O Dia Internacional da Mulher, comemorado em 8 de março, recoloca em evidência a discussão sobre igualdade de gênero na política. Em Três Lagoas, indicadores recentes mostram que a presença feminina no Legislativo municipal diminuiu nas últimas legislaturas, contrariando políticas de cotas e incentivos em vigor no país.
Em 1997, a Câmara Municipal de Três Lagoas chegou a abrigar oito vereadoras, uma das maiores proporções femininas no Brasil naquele período. Hoje, apenas três mulheres – Evalda Reis, Sirlene dos Santos e Maria Diogo – ocupam cadeiras no plenário. No mandato anterior eram cinco representantes. A redução local reflete um movimento nacional que, embora apresente avanços pontuais, ainda não acompanha o crescimento do eleitorado feminino.
Segundo o Tribunal Superior Eleitoral, as mulheres representam a maioria dos eleitores no país. Em Mato Grosso do Sul, elas correspondem a cerca de 52 % do total. Apesar disso, a ocupação de cargos políticos permanece aquém dessa proporção. Atualmente, o Estado registra sete prefeitas, três deputadas estaduais, uma deputada federal e duas senadoras, números que indicam sub-representação em todas as esferas.
A legislação brasileira estabelece que cada partido deve reservar no mínimo 30 % das candidaturas para mulheres e destinar parte do fundo eleitoral às campanhas femininas. Mesmo assim, a vereadora Evalda Reis observa que a falta de recursos e de espaço interno nas siglas limita o fortalecimento dessas candidaturas. Para ela, é preciso ampliar investimentos e oportunidades para que mais mulheres consigam competir em condições de igualdade.
Sirlene dos Santos, também vereadora em Três Lagoas, compartilha avaliação semelhante. Ela afirma que as três parlamentares trabalham de forma comprometida, mas reconhece que uma presença maior de mulheres poderia diversificar a agenda legislativa e enriquecer o debate sobre políticas públicas. Ambas defendem medidas permanentes de apoio, incluindo formação política, acesso a financiamento e redes de apoio durante as campanhas.

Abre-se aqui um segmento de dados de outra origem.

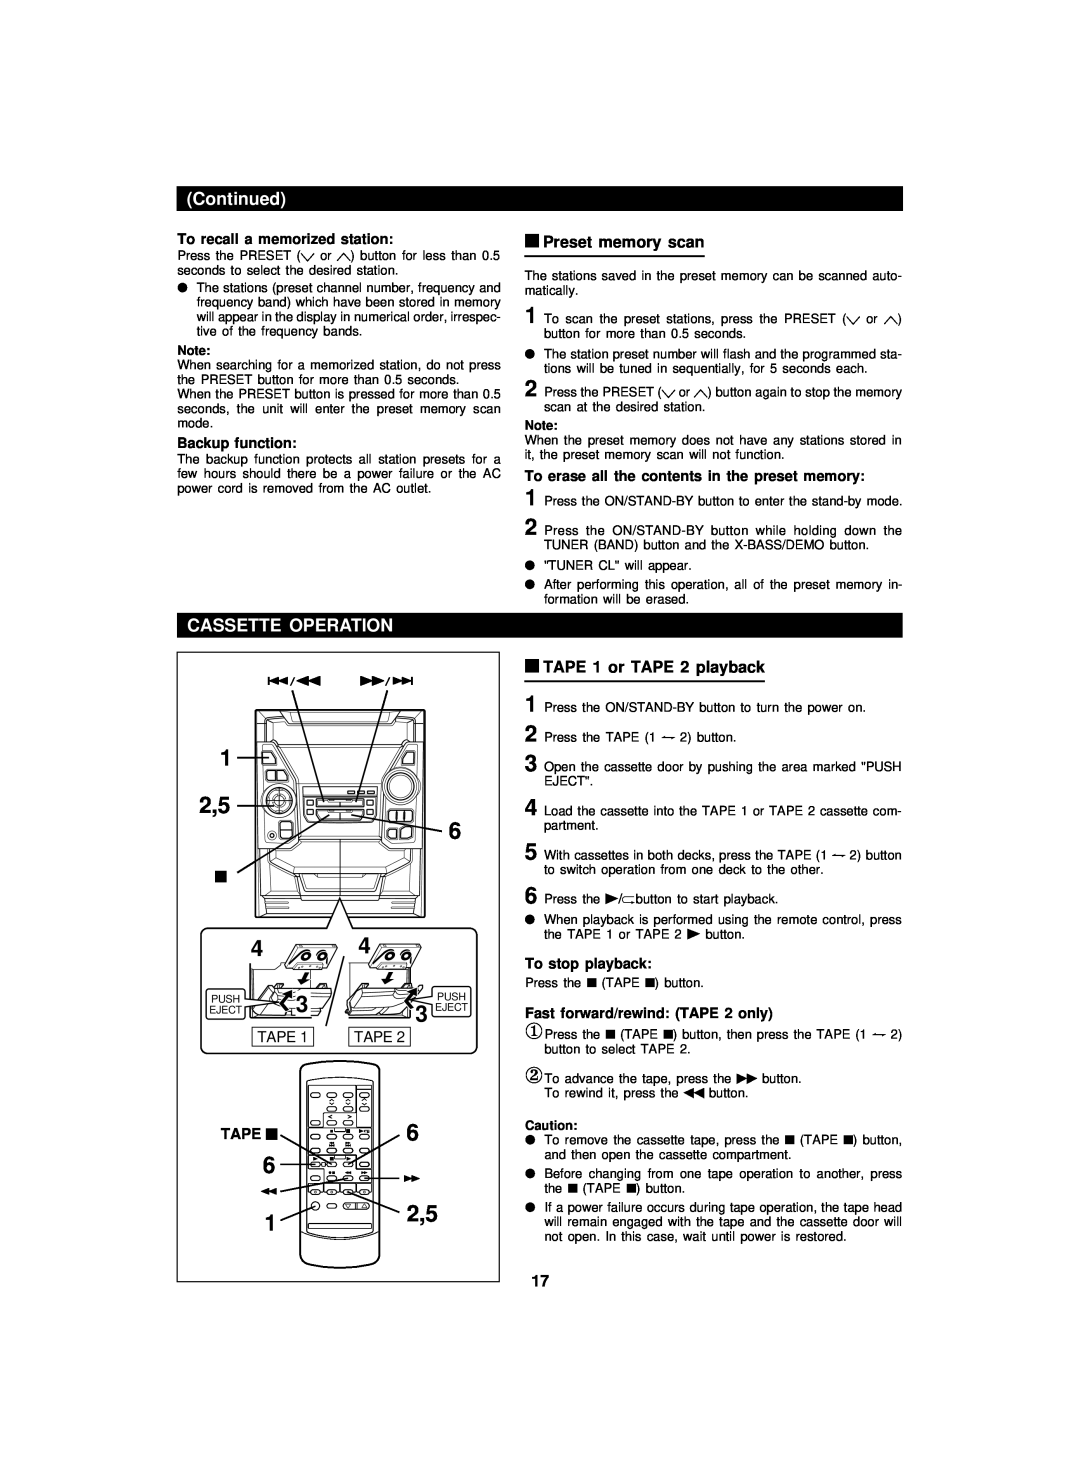 Sharp CDPC3500 operation manual 
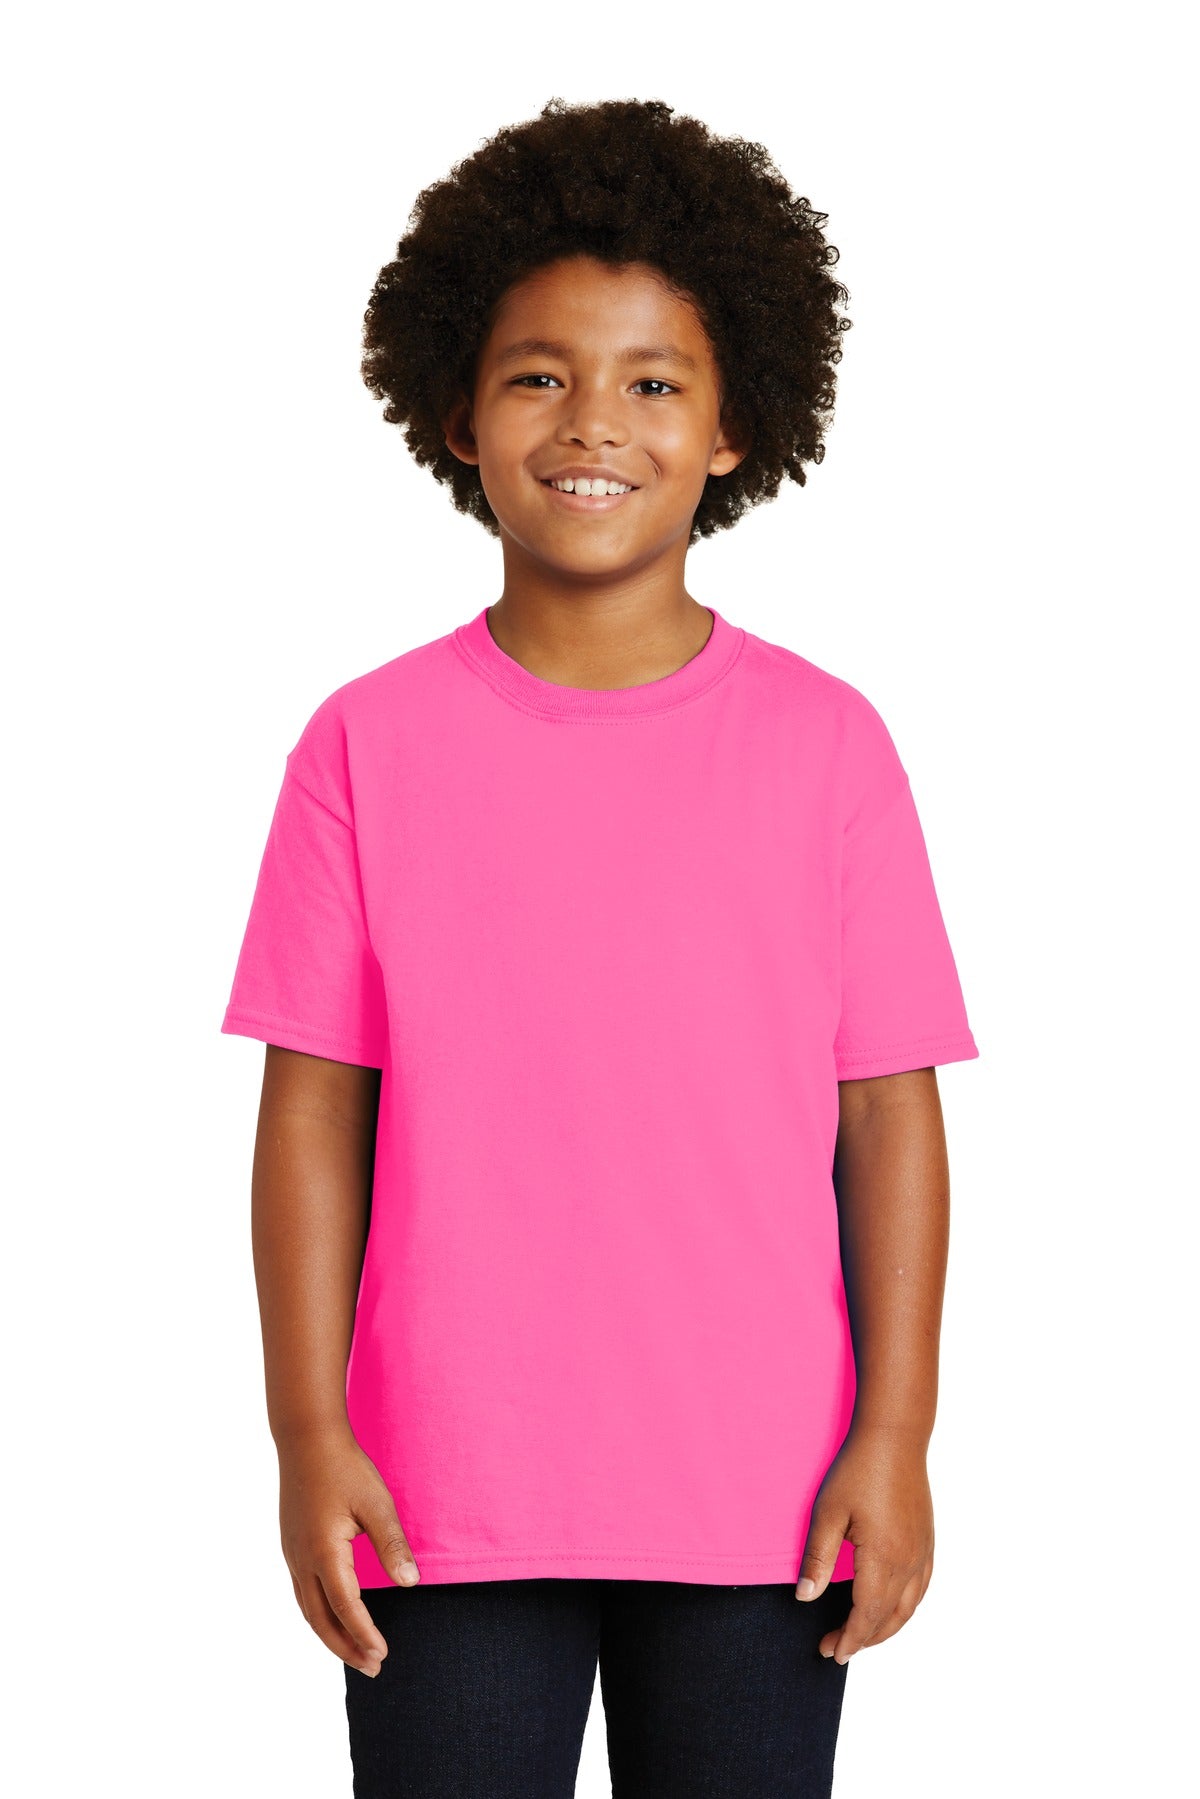 Gildan - Youth Ultra Cotton 100% US Cotton T-Shirt. 2000B - Safety Pink

Estudos conduzidos pela Universidade Federal de Mato Grosso do Sul apontam fatores estruturais como barreiras adicionais à presença feminina na política. As pesquisadoras destacam que a divisão desigual do trabalho doméstico e de cuidados restringe o tempo disponível para atividades públicas. Dados do Instituto Brasileiro de Geografia e Estatística revelam que as mulheres dedicam, em média, entre oito e dez horas semanais a mais do que os homens a tarefas não remuneradas dentro de casa.
A geógrafa urbana e pesquisadora de gênero Patrícia Helena Milani, da UFMS, ressalta que essa sobrecarga doméstica impacta diretamente a capacidade de assumir funções de liderança. Segundo a especialista, apenas 30 % dos cargos de direção no país são ocupados por mulheres, proporção que se repete em instâncias partidárias e em espaços decisórios do setor público.
Organizações internacionais recomendam a participação mínima de 30 % de mulheres em parlamentos para que haja influência efetiva nas deliberações. Três Lagoas, com 27 % de representação feminina na Câmara, ainda não atinge esse patamar. Em nível federal, a Câmara dos Deputados apresenta percentual semelhante, enquanto o Senado registra pouco mais de 15 % de senadoras.
A pressão por maior representatividade se estende a outros poderes. Embora o Judiciário e o Executivo apresentem avanços pontuais, os números mostram predominância masculina nos postos de maior visibilidade. Para especialistas, políticas afirmativas permanecem essenciais, mas precisam ser acompanhadas de estruturas de apoio que considerem as especificidades de gênero, como horários flexíveis, creches e campanhas de conscientização sobre divisão de tarefas domésticas.
Em Três Lagoas, movimentos da sociedade civil organizam debates e oficinas de formação político-partidária para incentivar novas candidaturas femininas nas eleições municipais de 2024. As iniciativas buscam aumentar o número de mulheres filiadas, capacitadas para elaborar propostas e preparadas para enfrentar disputas internas dentro dos partidos.
Enquanto isso, parlamentares locais destacam que a presença feminina produz efeitos diretos na formulação de políticas públicas voltadas para saúde, educação e assistência social. Elas argumentam que um Legislativo mais equilibrado em termos de gênero reflete com mais precisão as demandas da população e contribui para a construção de leis que considerem diferentes perspectivas.
Os números atuais indicam que, mesmo com legislações específicas e maior visibilidade da pauta de gênero, a participação das mulheres na política avança em ritmo moderado. O quadro observado em Três Lagoas e em Mato Grosso do Sul reforça a necessidade de ações combinadas entre partidos, instituições acadêmicas e sociedade civil para reduzir disparidades históricas e ampliar a representatividade feminina nos espaços de decisão pública.